In addition, each automaker wanted to help the vehicle development by setting the dynamic ride comfort index in its own way, but it was a dynamic ride comfort rating that was set using empirical formulas rather than theoretical and systematic grounds. It is not applicable to the item or is not disclosed to the outside.

Therefore, the technical problem of the present invention is to integrate subjective evaluation results of dynamic ride comfort evaluation items owned by automobile companies and measurement system constructed based on ISO 2631 through correlation analysis based on ergonomics. By evaluating internally and by evaluating the system internally, it is possible to determine the appropriate driving conditions for each case by various dynamic ride comfort items, and to derive the appropriate dynamic ride comfort index for each case directly based on clear theoretical basis. The present invention provides a dynamic ride comfort analysis apparatus of a system concept that integrates a series of processes that can be applied to a vehicle to completely replace the subjective evaluation with an objective measurement.

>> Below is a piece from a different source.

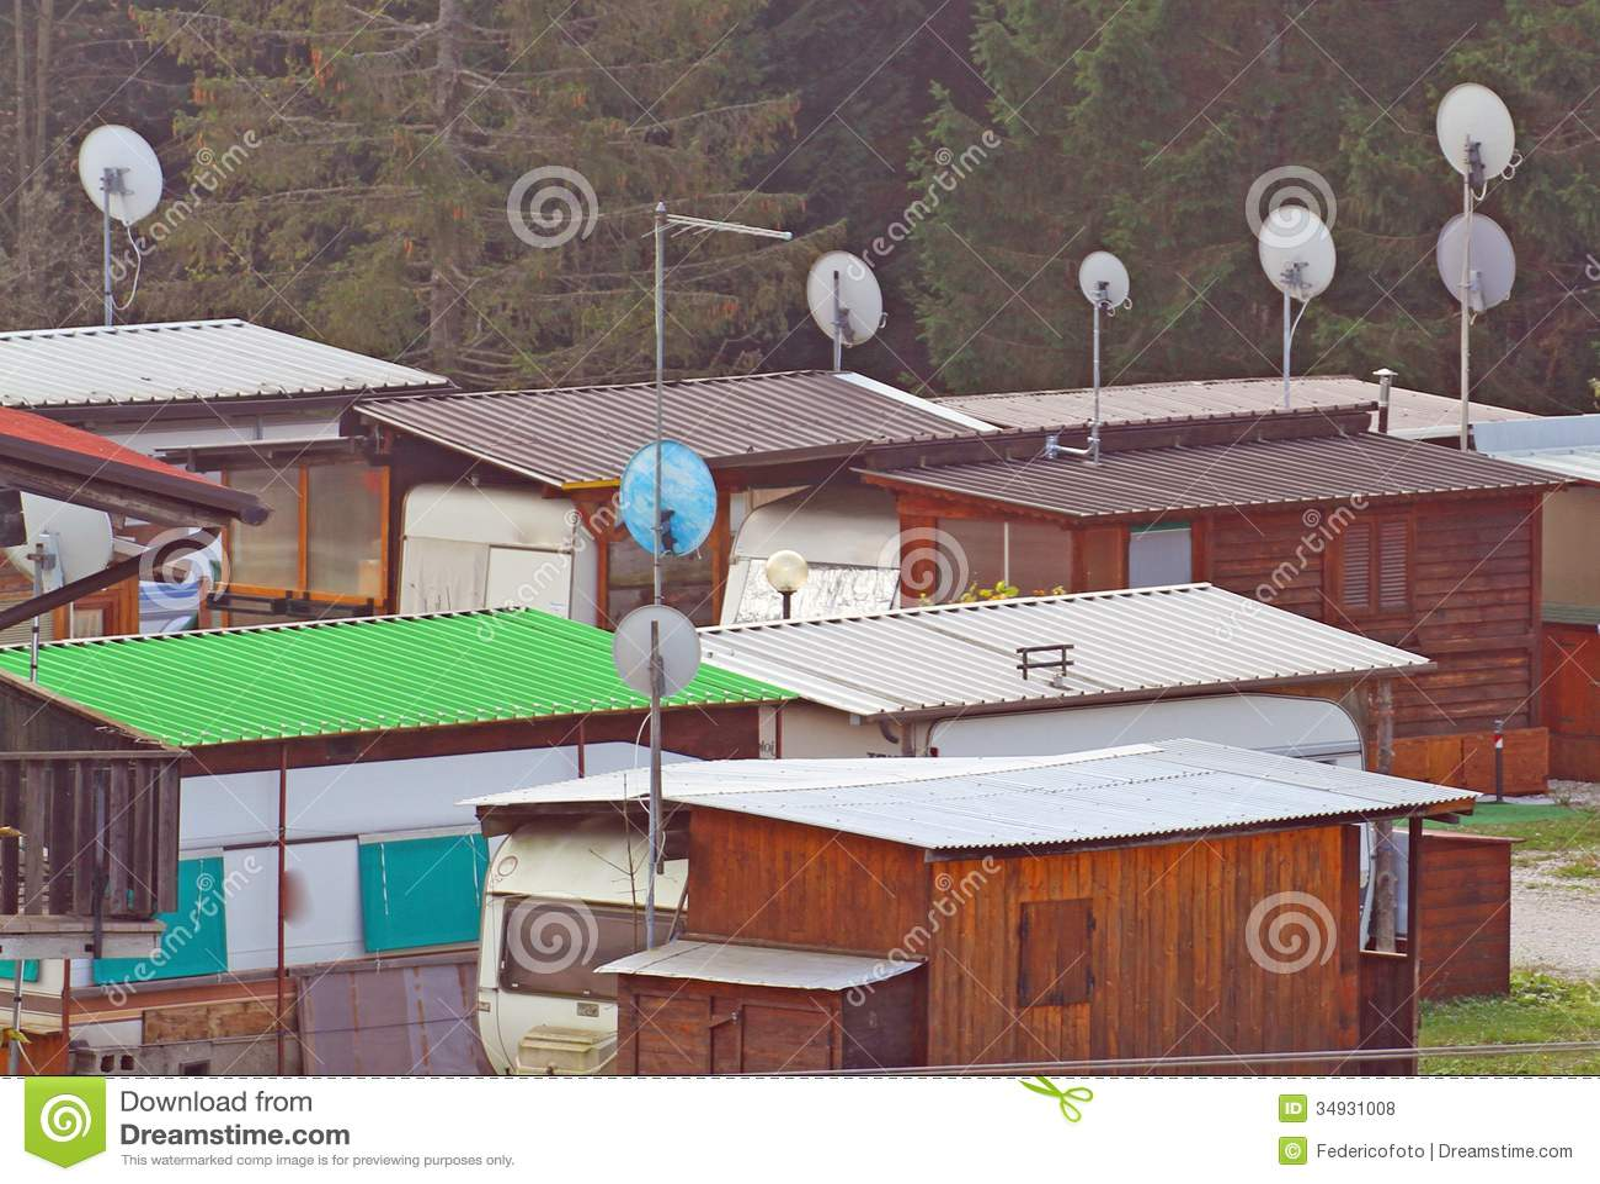 Cabinas de la caravana y del campo equipadas para las emergencias humanitarias

According to an aspect of the present invention, there is provided a dynamic ride comfort analysis apparatus comprising: a data acquisition unit for acquiring a vibration acceleration signal generated in a human body in a vehicle state, and using the acquired data to determine a dynamic ride comfort. It consists of a data processing unit in which a detailed algorithm for replacing subjective evaluations with objective measurement evaluations, and a data output unit for displaying in real time the contents and results of the data acquisition unit and processing unit. The data acquisition unit is for obtaining a vibration acceleration signal in the human body part related to the dynamic ride comfort, and the translational and rotational movement of the hip region, the translational movement of the back region and the translational movement of the foot region as defined in ISO 2631 Accelerometers and tachometers are used as instruments. The instrument is converted into a voltage signal through an appropriate signal conditioner, and the voltage signal is transmitted to the data processing unit through an analog to digital (AD) converter. The three-step data processing unit includes the ability to completely replace the subjective assessment of dynamic ride comfort with an objective measurement assessment. The contents of the data acquiring unit and the data processing unit and the dynamic riding comfort evaluation result for the development target vehicle derived from them are transmitted to the user through the output unit and the data file to help the analysis of the analysis situation and in terms of the dynamic riding comfort. It is used as a data for setting the development direction of the vehicle.
The data processing unit of the dynamic ride comfort analysis apparatus is a data processing unit first step of building a measurement database by performing a pre-processing filtering to perform the vibration evaluation index measurement based on ISO 2631 for various vehicles and driving conditions, and the first data processing unit The data processing unit 2nd step of deriving the dynamic riding comfort index and the appropriate driving condition for each dynamic riding comfort item by receiving the result of the subjective evaluation performed separately from the first step of the data processing unit and the result of the second step of the data processing unit The data processing unit is a third step of deriving a ride comfort evaluation result through real-time measurement without performing the subjective evaluation test. Details of the data processing unit are as follows.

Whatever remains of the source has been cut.